— Ну, расскажите еще что-нибудь про себя, сказал он, держась руками за разболевшийся живот.
— Мы храбрые! — сказал Бурунькис.
— И еще мы сильные! — добавил Капунькис.
— Ну, в этом я совершенно не сомневаюсь, — улыбнулся Генрих. — Но вместо того, чтоб хвалиться, вы лучше скажите, хорошо ли ладят между собой ведьмы, вы, гномы и другие древнерожденные.
— Хорошо ладим, — важно сказал Бурунькис. — Мы их не трогаем, они нас не трогают. А что касается ведьм, то они не древнерожденные, а обычные люди, которые научились необычным вещам. Когда они летают на метлах, их не каждый увидит, но не потому, что у ведьм невидимость врожденная, а потому, что они используют всякие мази. То же самое и колдуны к нам, древним, они не имеют никакого отношения…
— А я однажды даже пробовал на ведьминой метле кататься! — не к месту радостно сообщил Капунькис.

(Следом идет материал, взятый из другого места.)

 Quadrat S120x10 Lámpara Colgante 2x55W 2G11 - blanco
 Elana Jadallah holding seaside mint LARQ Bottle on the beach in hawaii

— И как, понравилось? — спросил Генрих, вспомнив, как смело Альбина вытанцовывала в десяти метрах над землей.
— Нет, не очень.
— Почему же?
— А потому, что на метле ужас как тяжело удержаться…
— Да, да, — перебил брата Бурунькис, — Очень тяжело, я знаю. Особенно если метла быстролетящая…
— Какая-какая? — переспросил Генрих.
— Быстролетящая. Ты разве не знаешь, что метлы бывают разные? — удивился Бурунькис.
— Дай я скажу, дай я, — запротестовал Капунькис, но братец его, не желая уступить роль главного рассказчика, заговорил скороговоркой:
— Та метла, что из дуба — грузонесущая, она какой угодно груз поднимет, особенно если она из дуба мореного. Тогда ее никакой топор не разрубит! Но она летит медленнее черепахи. А та метла, что из ореха — долголетящая, выносливая, но чтоб на ней взлететь, долго скакать приходится, чтобы разгон набрать. А которая из клена, та не выносливая — она не годится для больших расстояний, но зато она — вертикального взлета. А та, что из сосны, много груза не поднимет, но она — быстролетящая. Видел бы ты, как ведьмы на турнирах летают! Быстрее ветра!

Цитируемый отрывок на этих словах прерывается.